The resurgence of unsupervised learning can be attributed to the remarkable progress of self-supervised learning, which includes generative $(\mathcal{G})$ and discriminative $(\mathcal{D})$ models. In computer vision, the mainstream self-supervised learning algorithms are $\mathcal{D}$ models. However, designing a $\mathcal{D}$ model could be over-complicated; also, some studies hinted that a $\mathcal{D}$ model might not be as general and interpretable as a $\mathcal{G}$ model. In this paper, we switch from $\mathcal{D}$ models to $\mathcal{G}$ models using the classical auto-encoder $(AE)$. Note that a vanilla $\mathcal{G}$ model was far less efficient than a $\mathcal{D}$ model in self-supervised computer vision tasks, as it wastes model capability on overfitting semantic-agnostic high-frequency details. Inspired by perceptual learning that could use cross-view learning to perceive concepts and semantics11Following [26], we refer to semantics as visual concepts, e.g., a semantic-ware model indicates the model can perceive visual concepts, and the learned features are efficient in object recognition, detection, etc., we propose a novel $AE$ that could learn semantic-aware representation via cross-view image reconstruction.

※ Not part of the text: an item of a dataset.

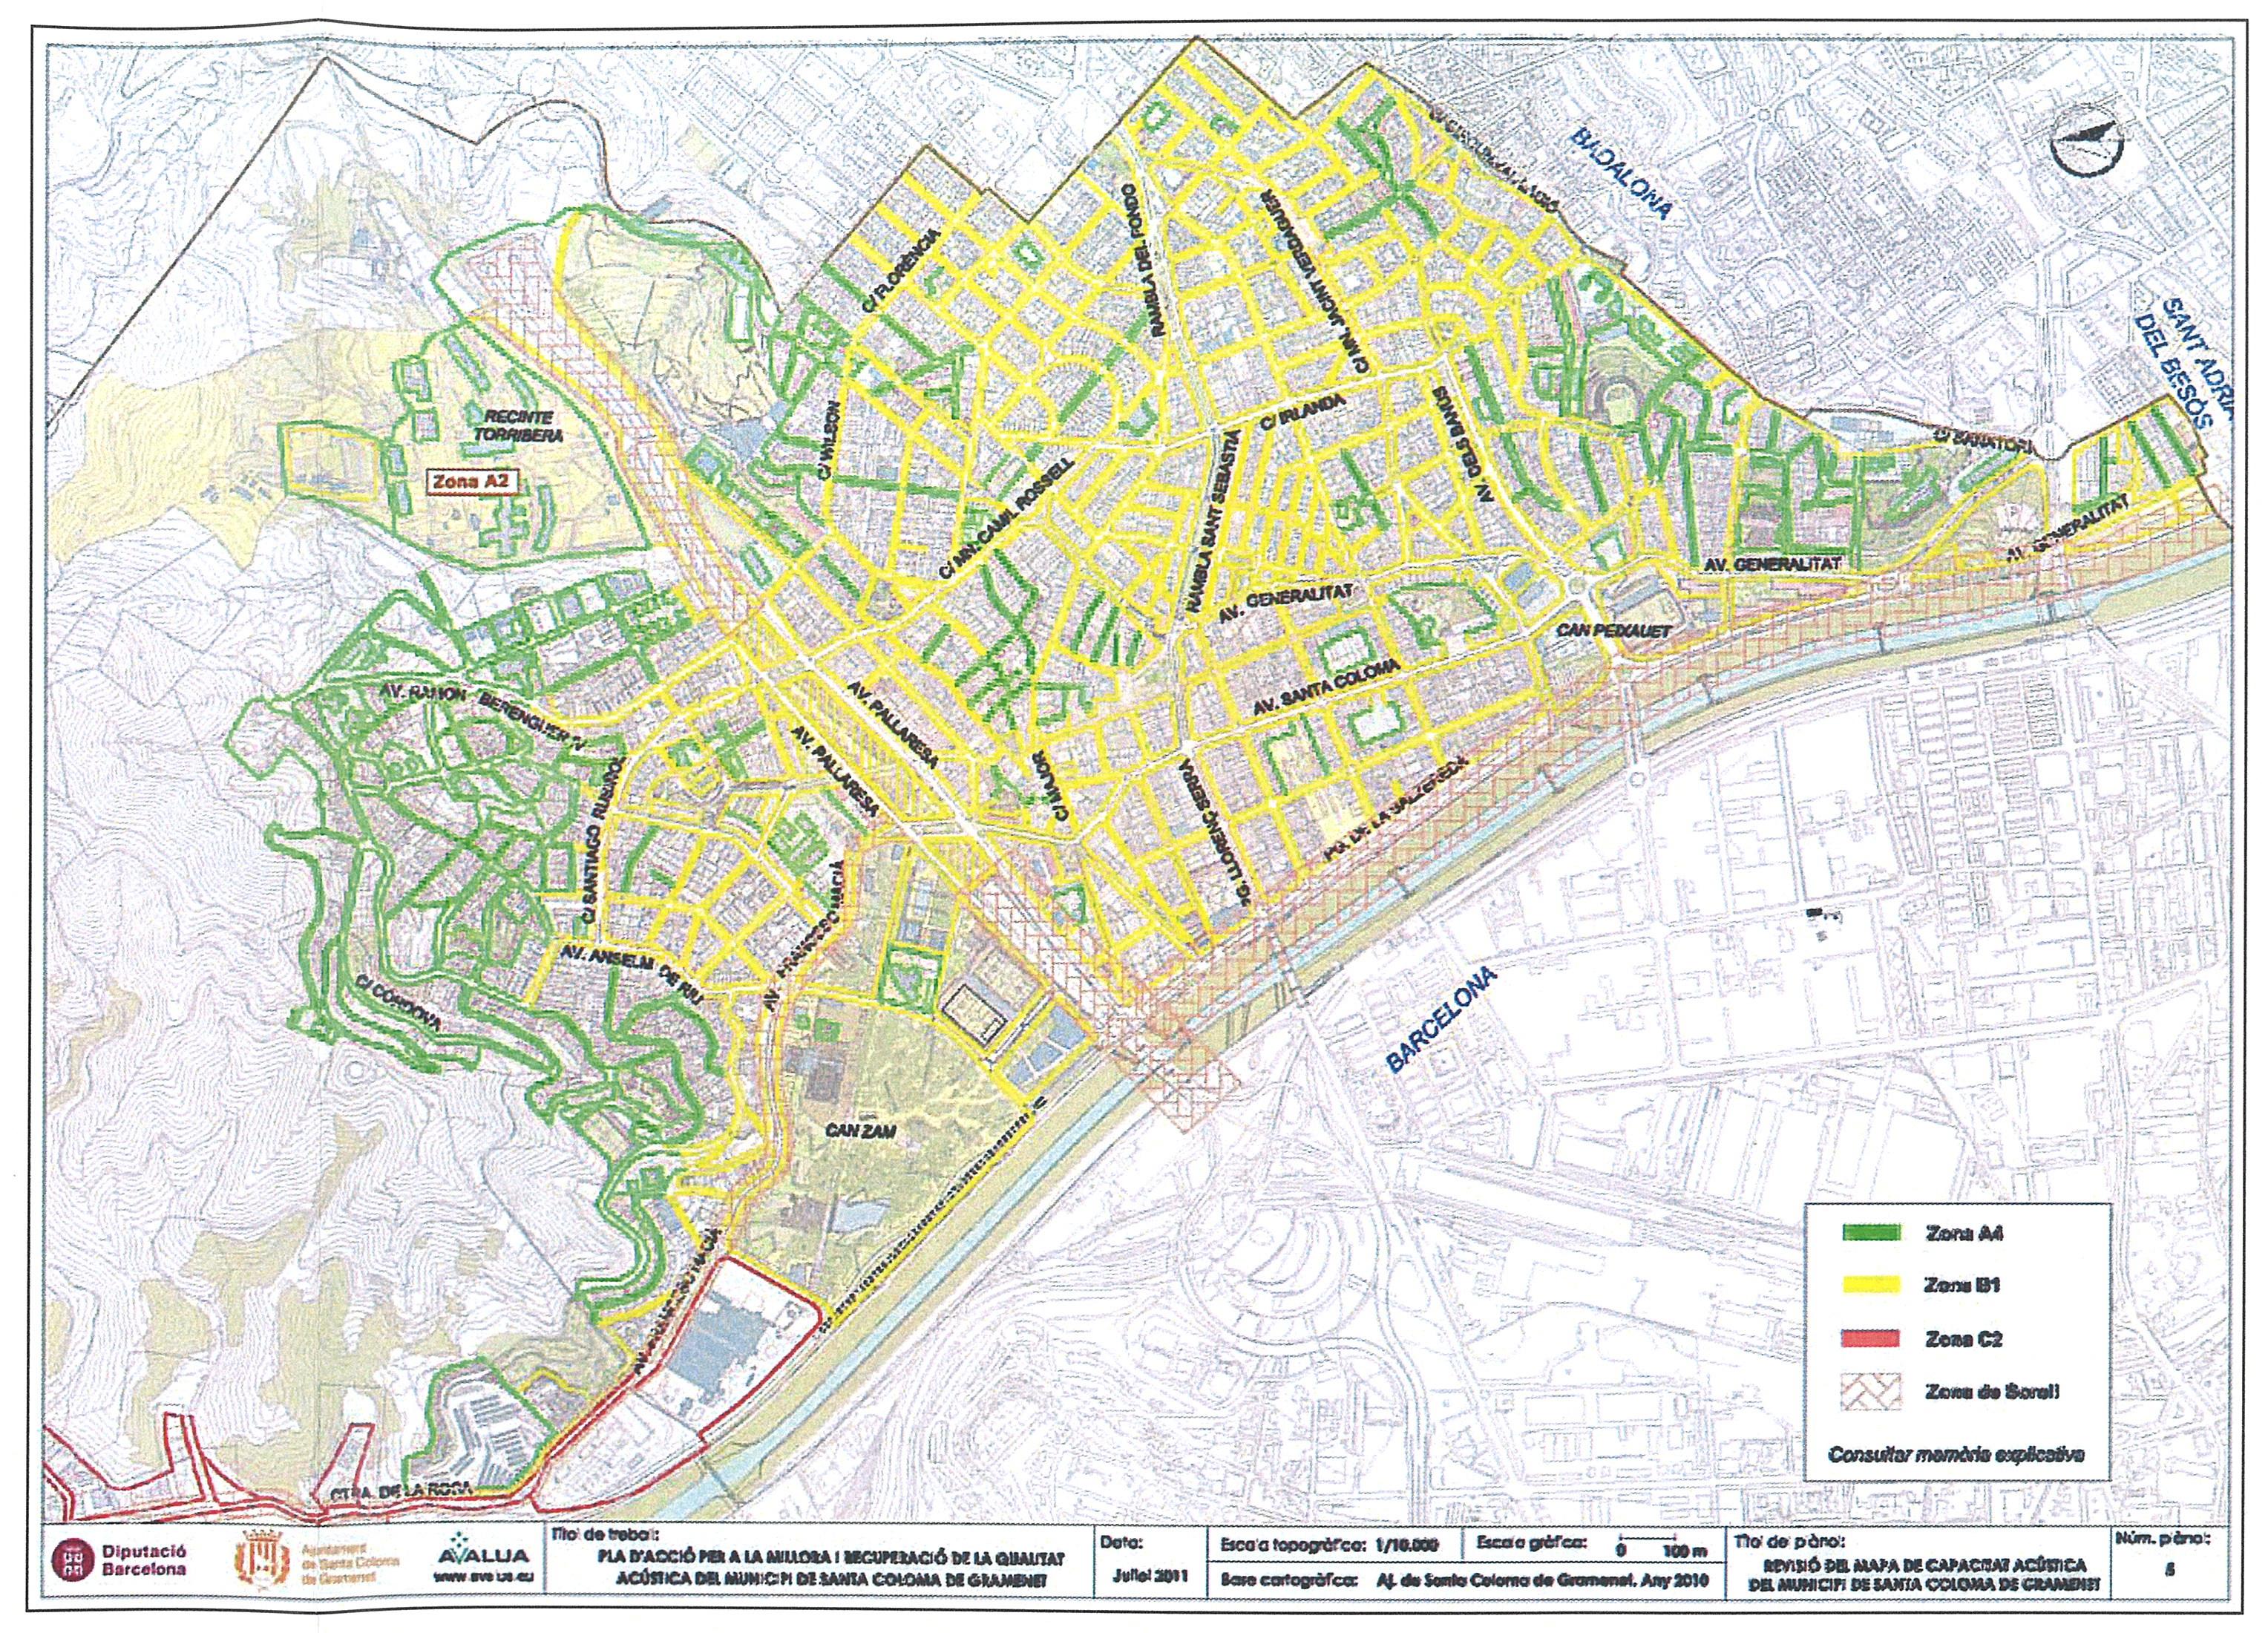 File Mapa De Capacitat 2011 Sta Coloma De Gramenet Jpg Wikimedia

We use one view of an image as the input and another view of the same image as the reconstruction target. This kind of $AE$ has rarely been studied before, and the optimization is very difficult. To enhance learning ability and find a feasible solution, we propose a semantic aligner that uses geometric transformation knowledge to align the hidden code of $AE$ to help optimization. These techniques significantly improve the representation learning ability of $AE$ and make selfsupervised learning with $\mathcal{G}$ models possible. Extensive experiments on many large-scale benchmarks (e.g., ImageNet, COCO 2017, and SYSU-30k) demonstrate the effectiveness of our methods. Code is available at https://github.com/wanggrun/Semantic-Aware-AE.

查看原文本刊更多论文

用于自监督表示学习的语义感知自编码器

无监督学习的复苏可以归因于自监督学习的显著进步，其中包括生成式$(\mathcal{G})$和判别式$(\mathcal{D})$模型。在计算机视觉中，主流的自监督学习算法是$\mathcal{D}$模型。然而，设计一个$\mathcal{D}$模型可能过于复杂;此外，一些研究暗示$\mathcal{D}$模型可能不如$\mathcal{G}$模型一般和可解释。在本文中，我们使用经典的自编码器$(AE)$从$\mathcal{D}$模型切换到$\mathcal{G}$模型。请注意，在自监督计算机视觉任务中，普通的$\mathcal{G}$模型的效率远远低于$\mathcal{D}$模型，因为它将模型能力浪费在了过度拟合语义不可知的高频细节上。受可以使用跨视图学习来感知概念和语义的感知学习的启发[26]，我们将语义称为视觉概念，例如，语义感知模型表明模型可以感知视觉概念，并且学习的特征在对象识别，检测等方面是有效的，我们提出了一种新的$AE$，可以通过跨视图图像重建来学习语义感知表示。我们使用图像的一个视图作为输入，并使用同一图像的另一个视图作为重建目标。这类AE的研究很少，优化难度很大。为了提高学习能力并找到可行的解决方案，我们提出了一种语义对齐器，利用几何变换知识对齐$AE$的隐藏代码以帮助优化。这些技术显著提高了$AE$的表示学习能力，使$\mathcal{G}$模型的自监督学习成为可能。在许多大规模基准测试(例如ImageNet、COCO 2017和SYSU-30k)上进行的大量实验证明了我们方法的有效性。代码可从https://github.com/wanggrun/Semantic-Aware-AE获得。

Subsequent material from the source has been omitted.